We have briefly touched on some of the environmental benefits technology can provide for the NHS – for example, Royal Devon’s implementation of MyCare mitigating the reliance on paper, thus reducing waste throughout the system. There is a prominent theme in each of the trusts’ plans, which suggests the drive towards digital solutions is steadily increasing.
For example, West London expresses a desire for “technology enabled smarter working” and – like Royal Devon – digitising health and care records across the organisation. Going forward, the trust will look to increase investment opportunities in technology and infrastructure in order to meet the NHS Net Zero target. This will also enable wide collaboration between sectors such as local authority, voluntary and private organisations. The plan states that a “huge investment has been made into IT as part of the digital transformation to support agile working”, referring to the increased flexibility for staff to work from home where possible.
Hybrid working is championed by all three trusts. Leeds and York highlight the environmental benefits of working from home such as reduced emissions, less demand for fuel and decreased energy usage. They go on to discuss the concept of ‘Green IT’, saying: “IT has made a significant impact on our ability to work from anywhere, meet with colleagues and service users through various media, and create new ways of working. Development of our IT credentials will form part of this plan […] it will also consider the impact of data storage, IT equipment and recycling and a reduction in carbon emitted from data centres.”
As we are exploring the similarities of each plan, it is important to highlight the role collaboration plays in achieving a greener organisation. A multi-faceted approach is necessary in order to embed long term, systemic change.
From a corporate perspective, West London describes the need to influence supply chains and external service providers to support them with environmentally friendly products and services.
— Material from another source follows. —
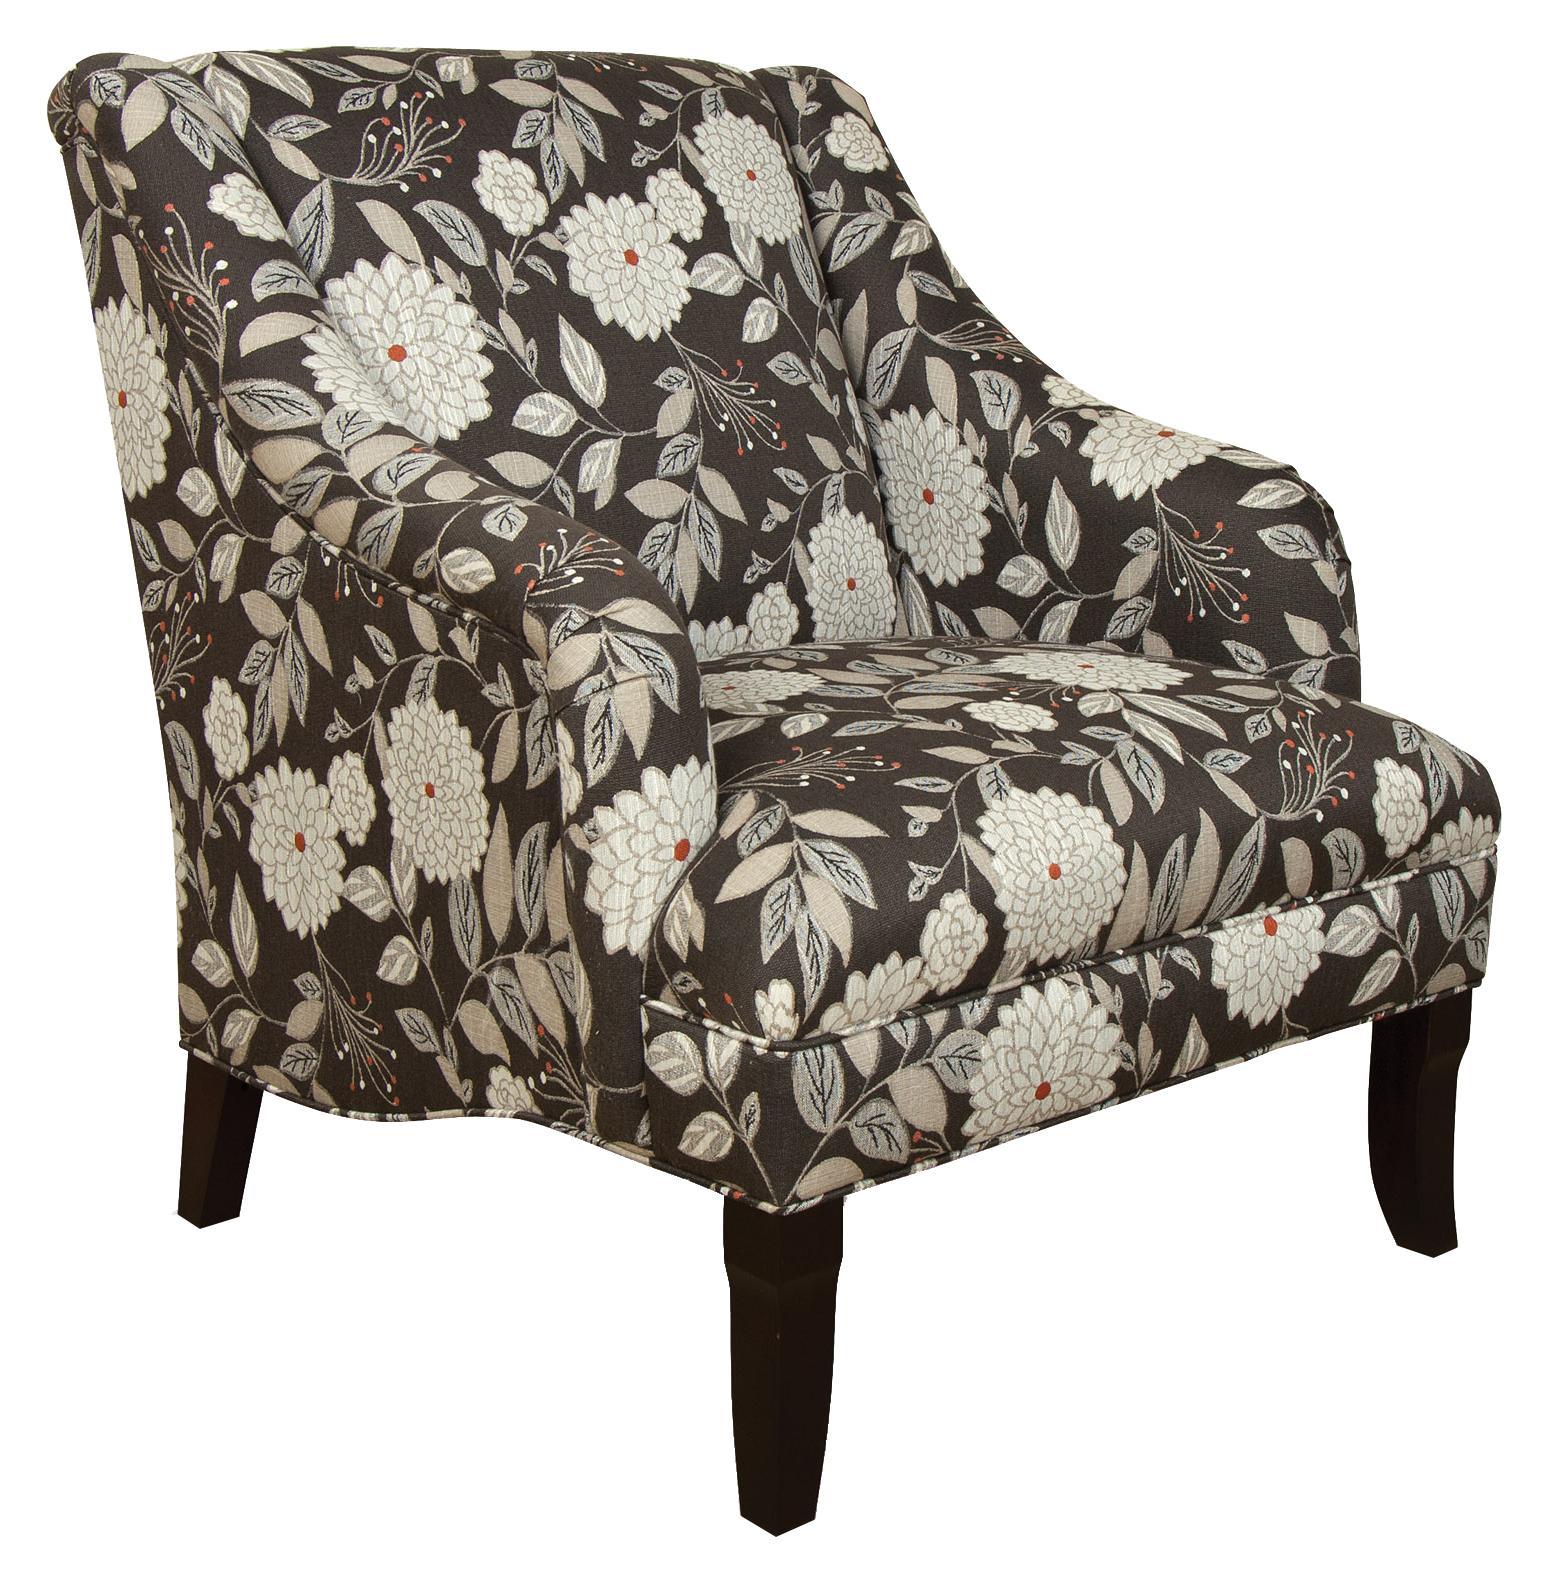 England Kinnett Living Room Arm Chair - Item Number: 3934

They are also working in collaboration with a car leasing provider to help them promote electric cars to staff and reinforce their ecological benefits.
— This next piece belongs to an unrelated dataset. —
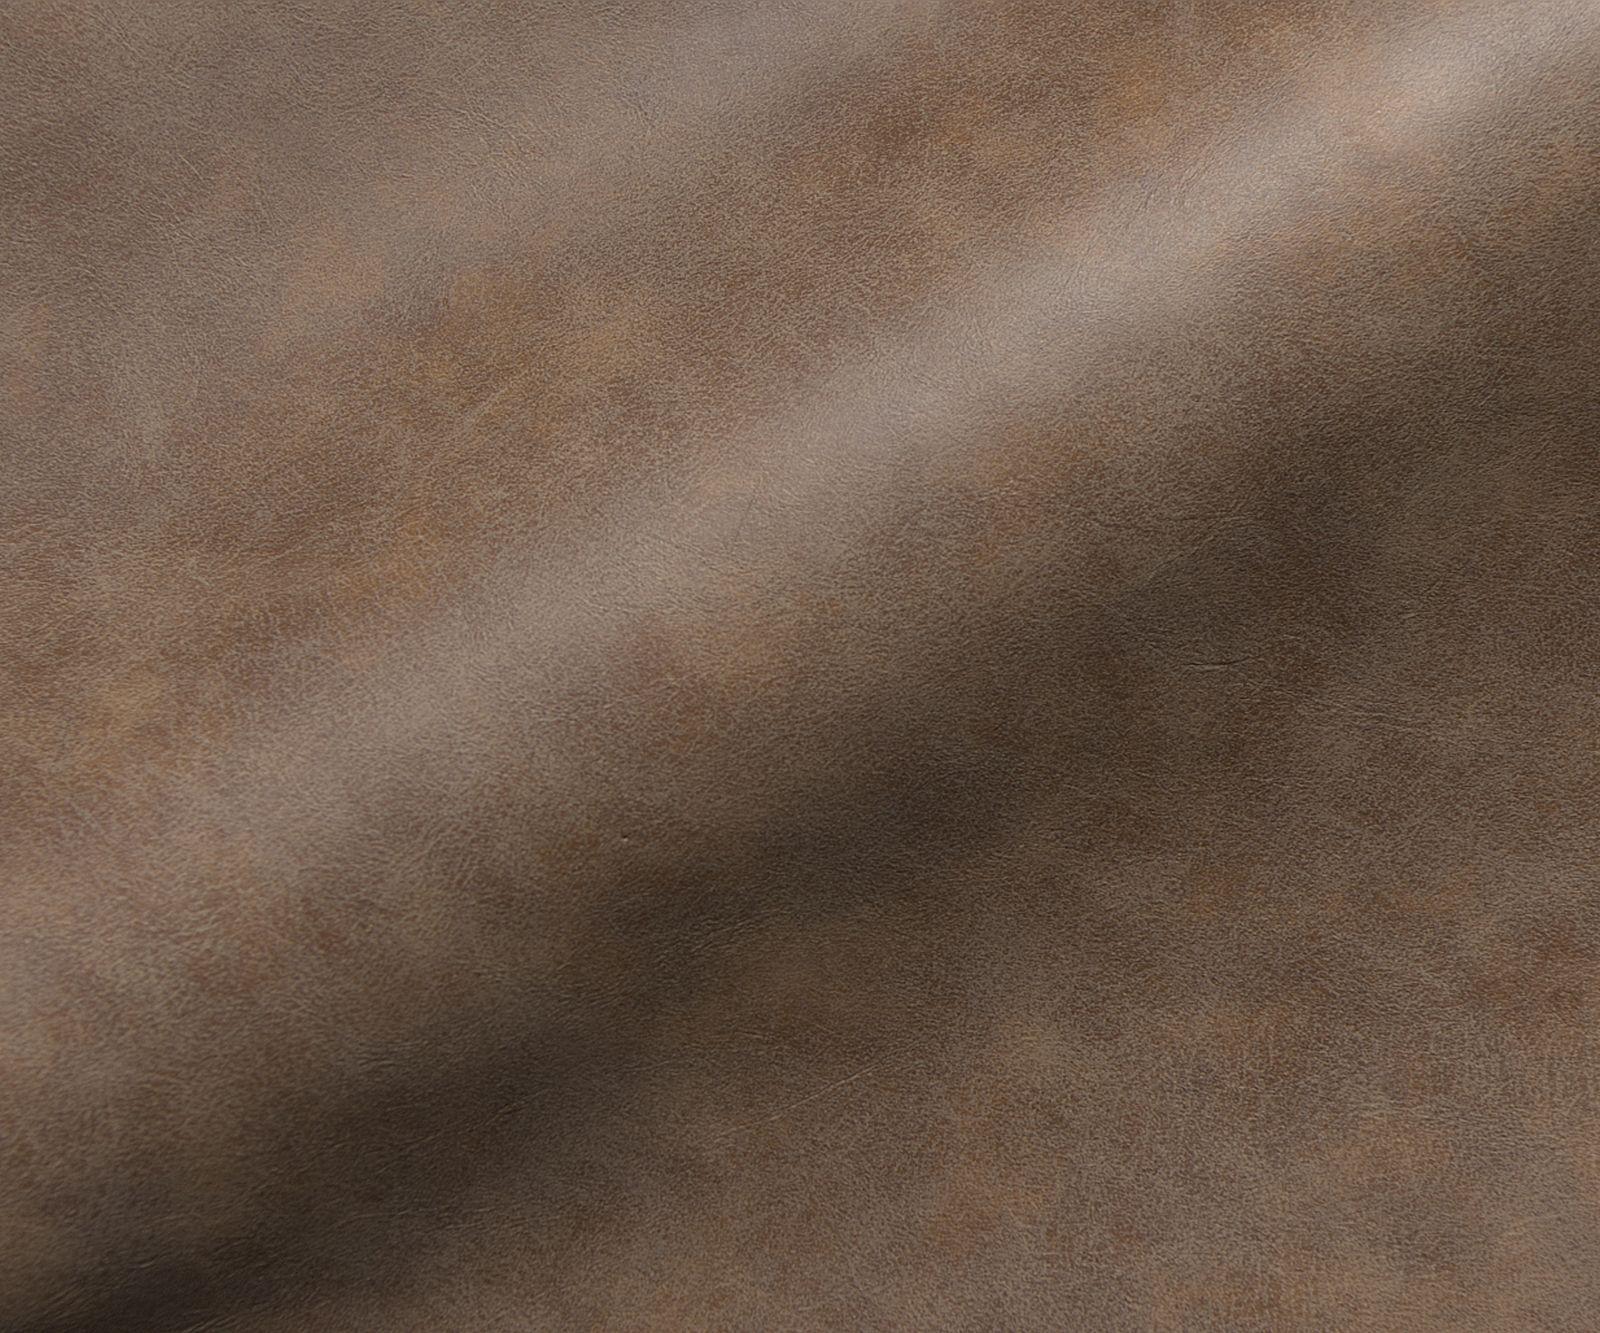 Stuhl Maddy Flex 4 Fuß oval Edelstahl Vintage Braun Kunstleder

Leeds and York are focused on networking; setting up cross functional groups of clinical, ICS and specialist staff to discuss their shared efforts to decarbonise the trust. The plan states they wish to create links with third sector organisations working in the green sector, to further strengthen their ambitions.
Similarly, Royal Devon will produce a communications plan which will facilitate stronger links between the trust and the wider communities it serves – engaging with people to encourage change on a fundamental level. This will promote a culture of collaboration and the “joined up thinking” needed to embed sustainability within the trust and beyond.
The way forward
The road to Net Zero is invariably a challenging one; each of the trusts have demonstrated the obstacles they face in the pursuit of a greener, more sustainable future, which varies in size and scale. However, we have established that a consistent and collaborative approach is the key driver of systemic change; shared ambition, insight and above all, action.